■ Problem to work on ■
Retype every line from the start of the entries below down to the line with "Meet with King Foltest in The Witcher 2", both ends included; skip the pictures.
[Start of section]
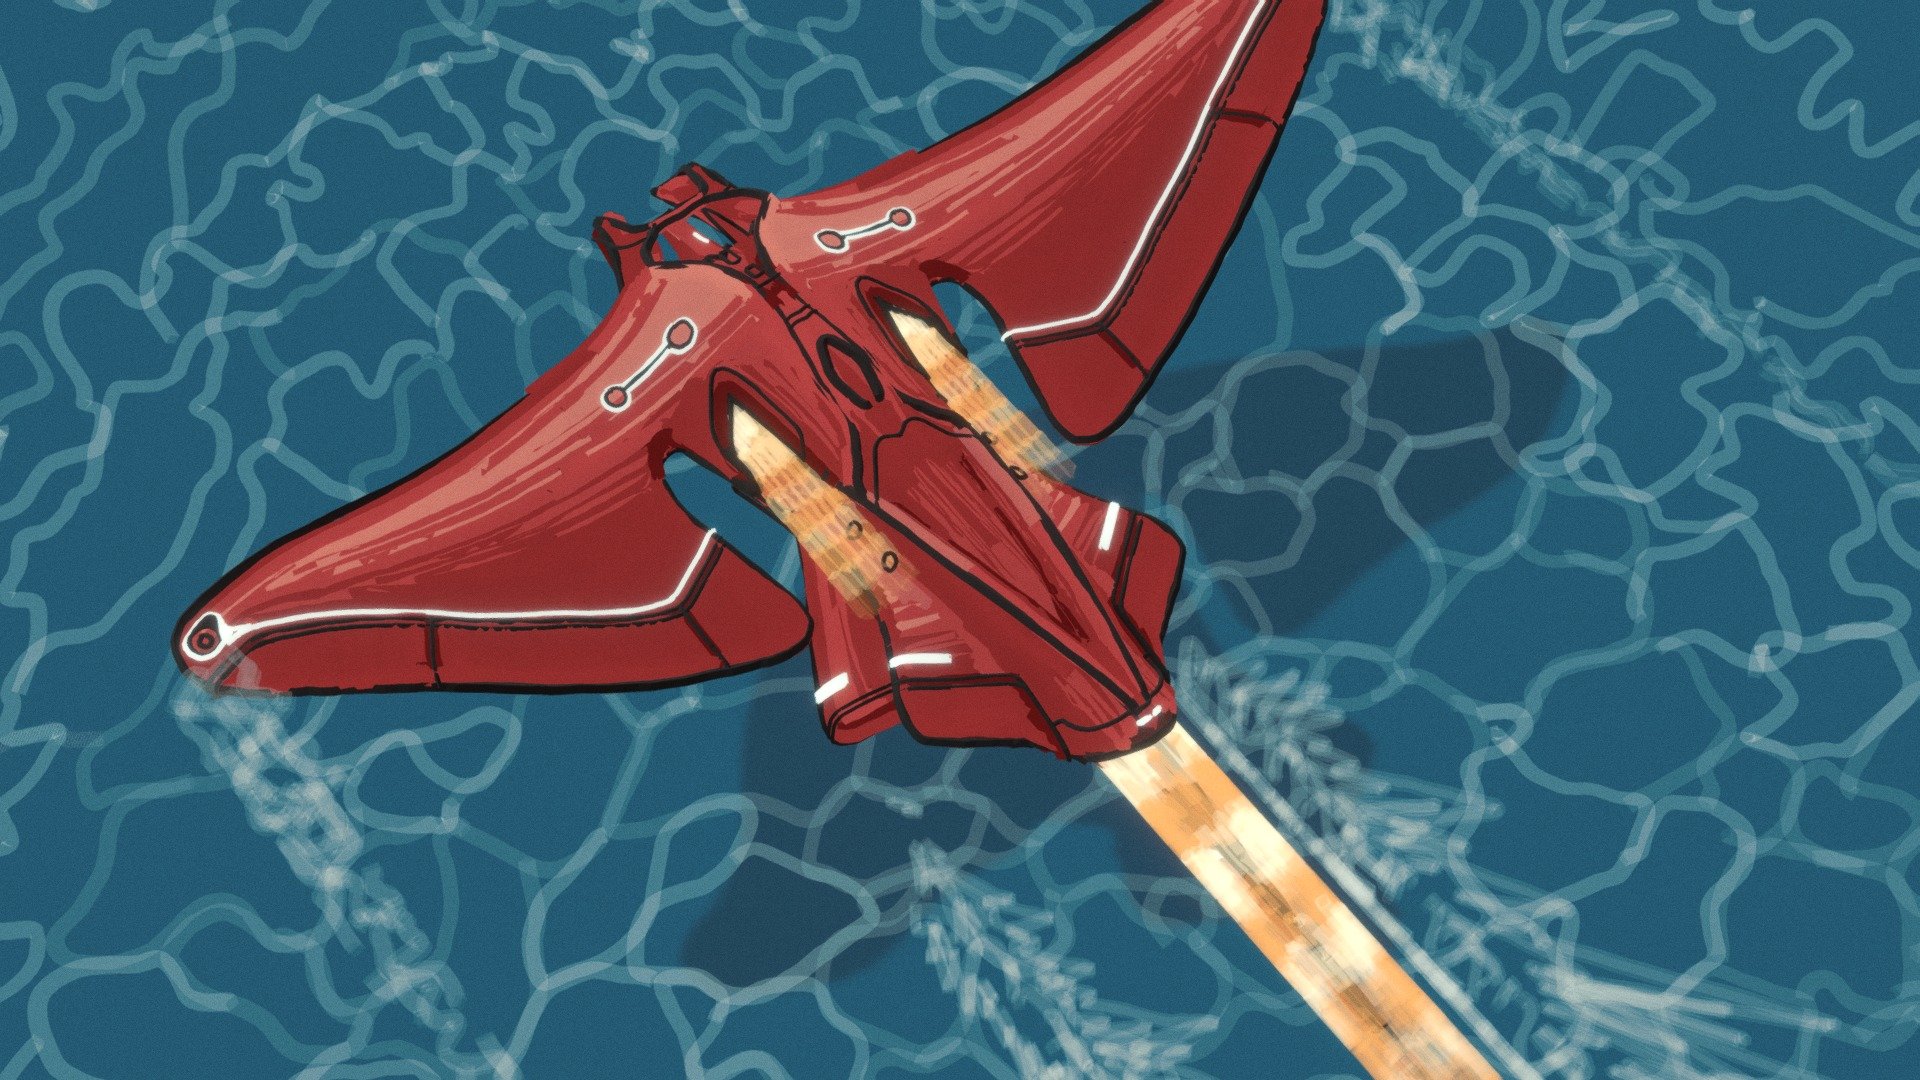 Fantasy aircraft resemble manta ray made with Feather

I tried to put a little Ghibli/Zelda-like style.

It was really fun to express spray and afterburner fire 3d model
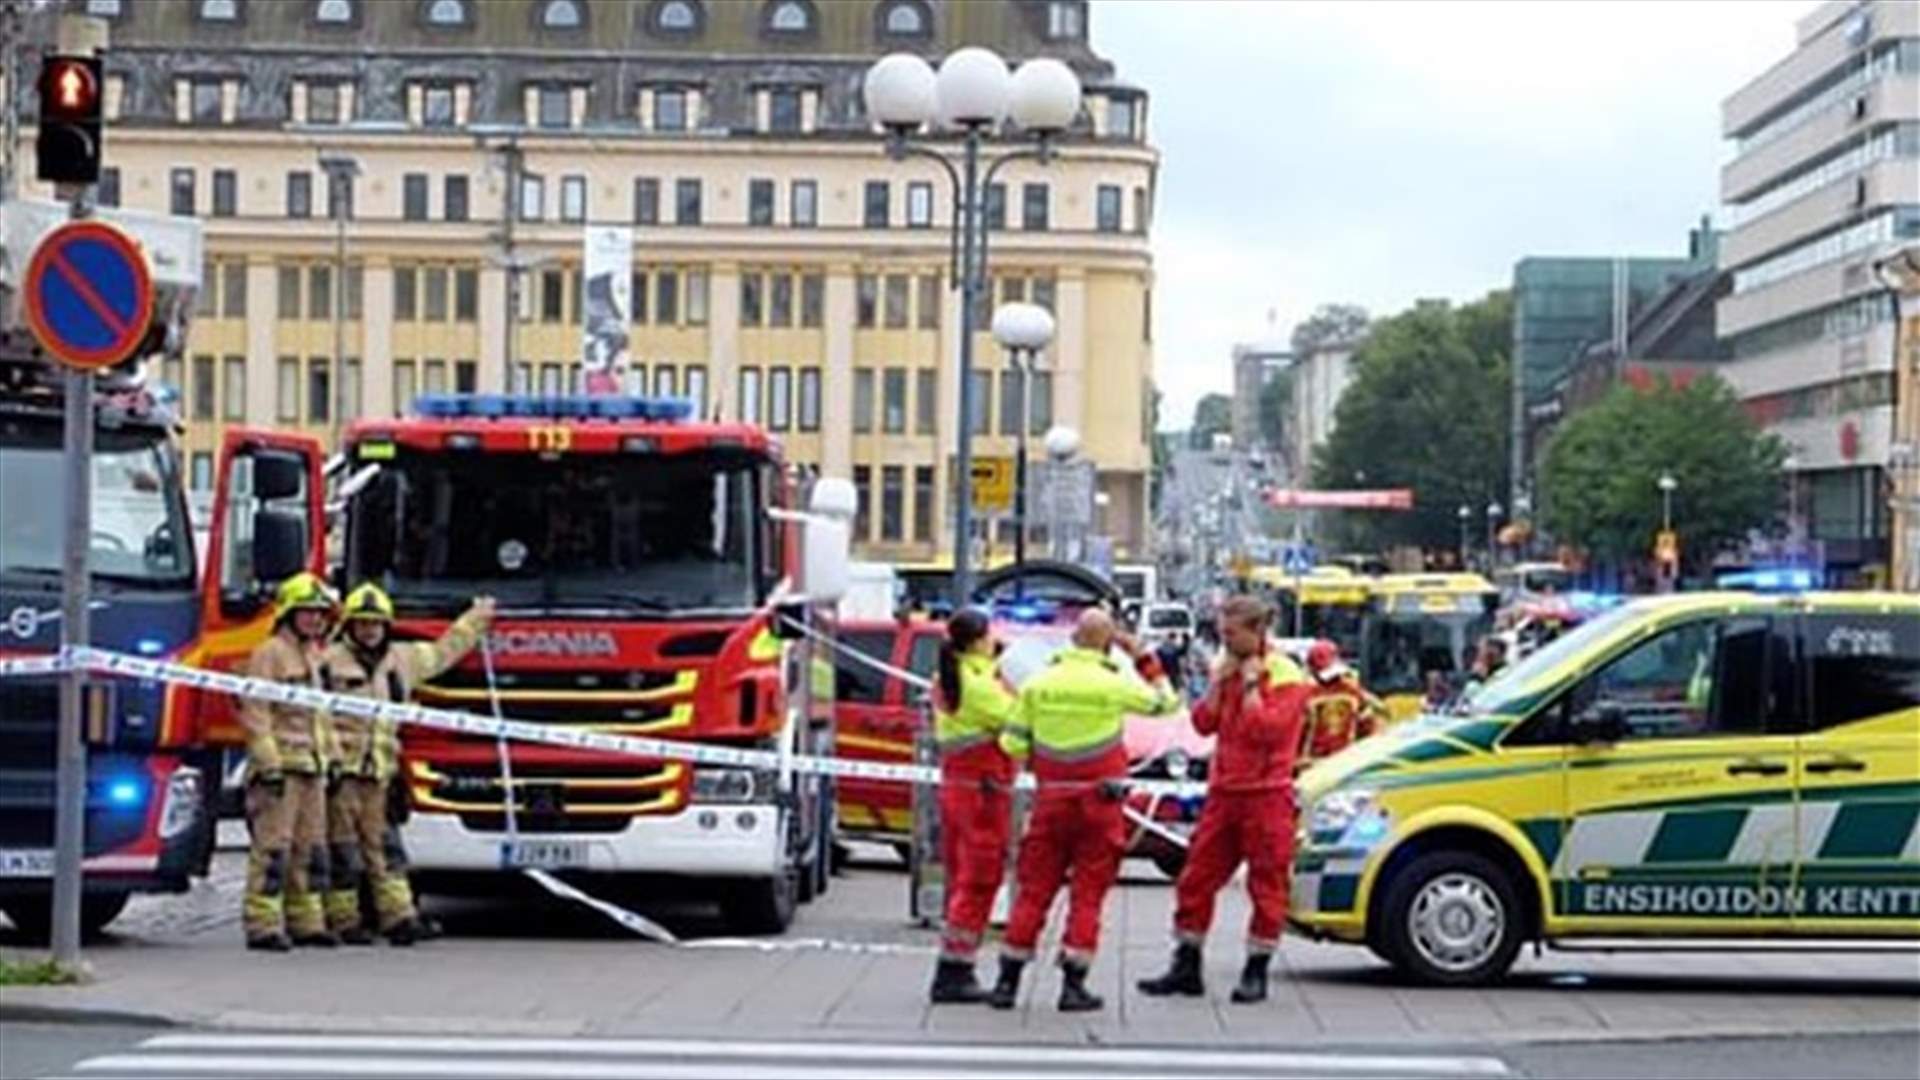 [VIDEO] Several people stabbed in Finnish city of Turku - police
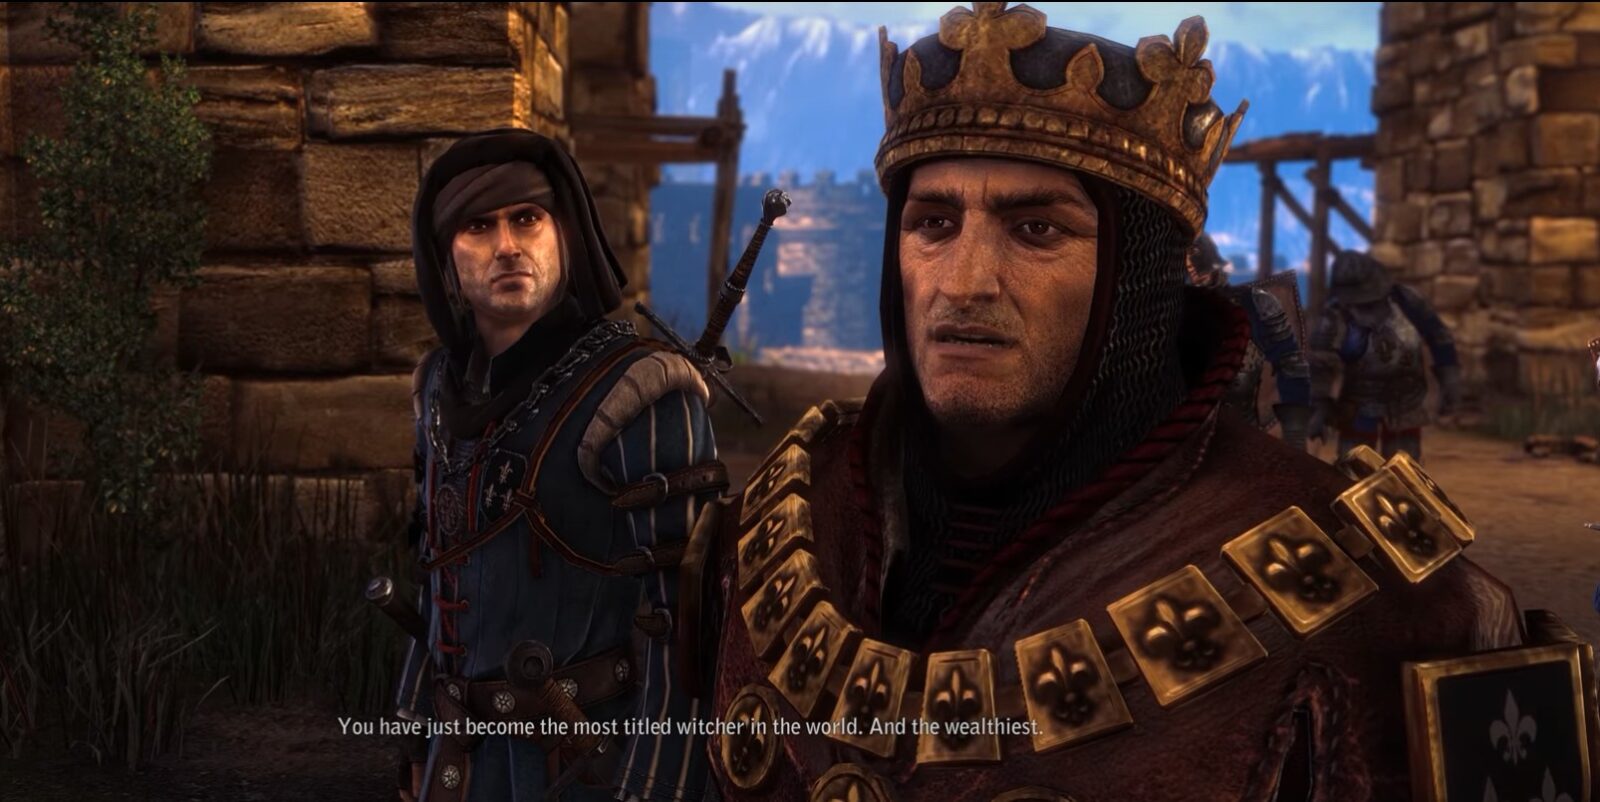 Meet with King Foltest in The Witcher 2
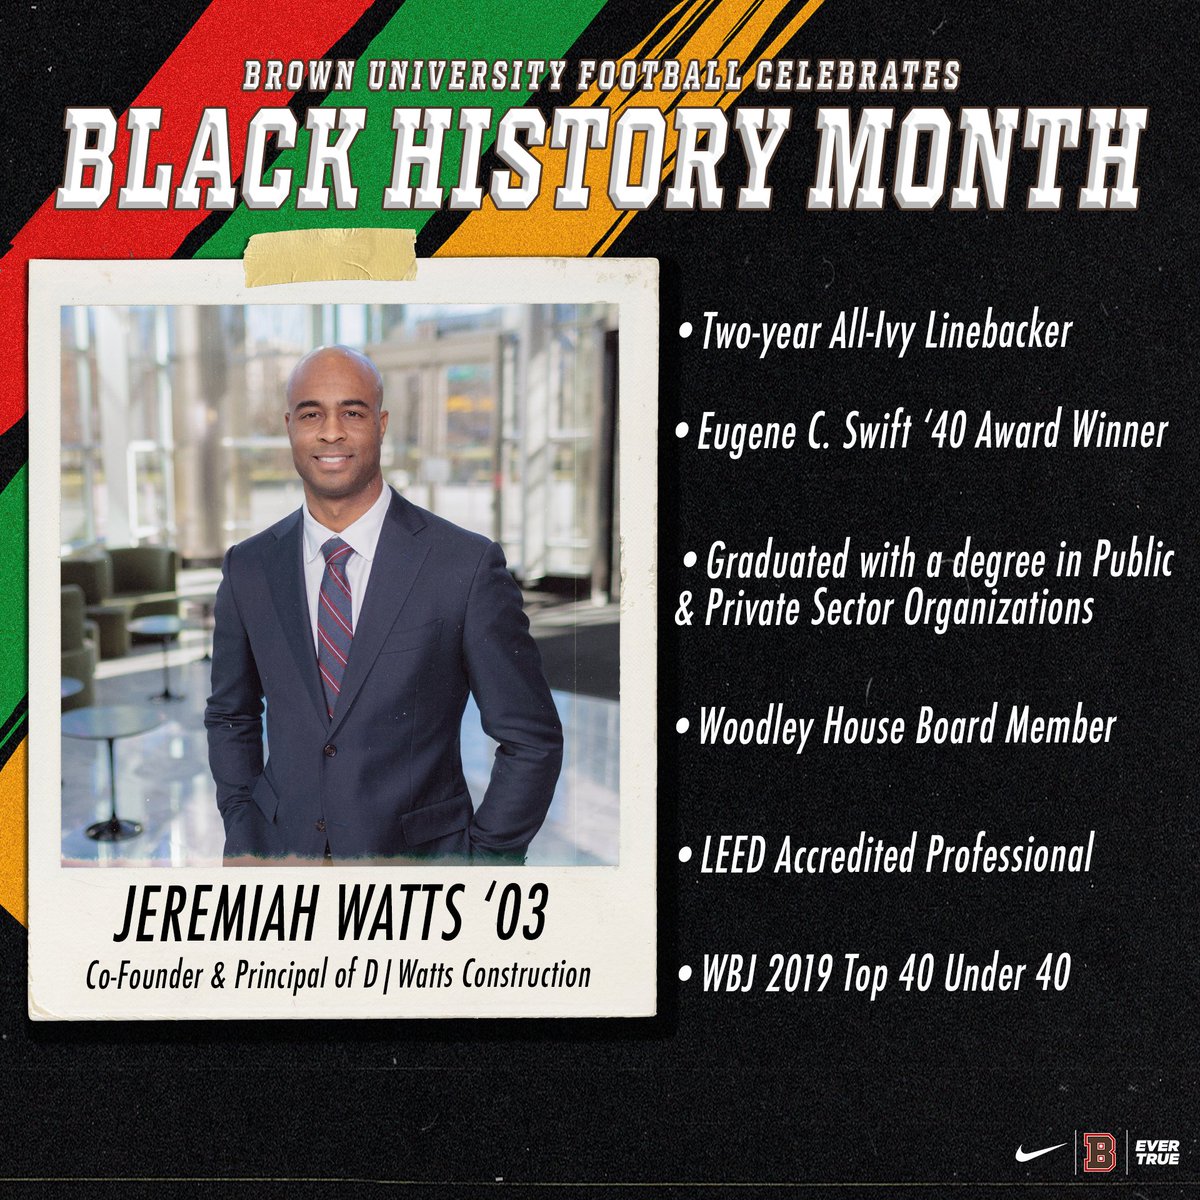 Today we recognize Jeremiah Watts '03. Jeremiah was a two-year All-Ivy Linebacker at Brown and now serves as the Co-Founder & Principal of D|Watts Construction. #EverTrue #BlackHistoryMonth
[End of section]
■ Task answer ■
 Fantasy aircraft resemble manta ray made with Feather

I tried to put a little Ghibli/Zelda-like style.

It was really fun to express spray and afterburner fire 3d model
 [VIDEO] Several people stabbed in Finnish city of Turku - police
 Meet with King Foltest in The Witcher 2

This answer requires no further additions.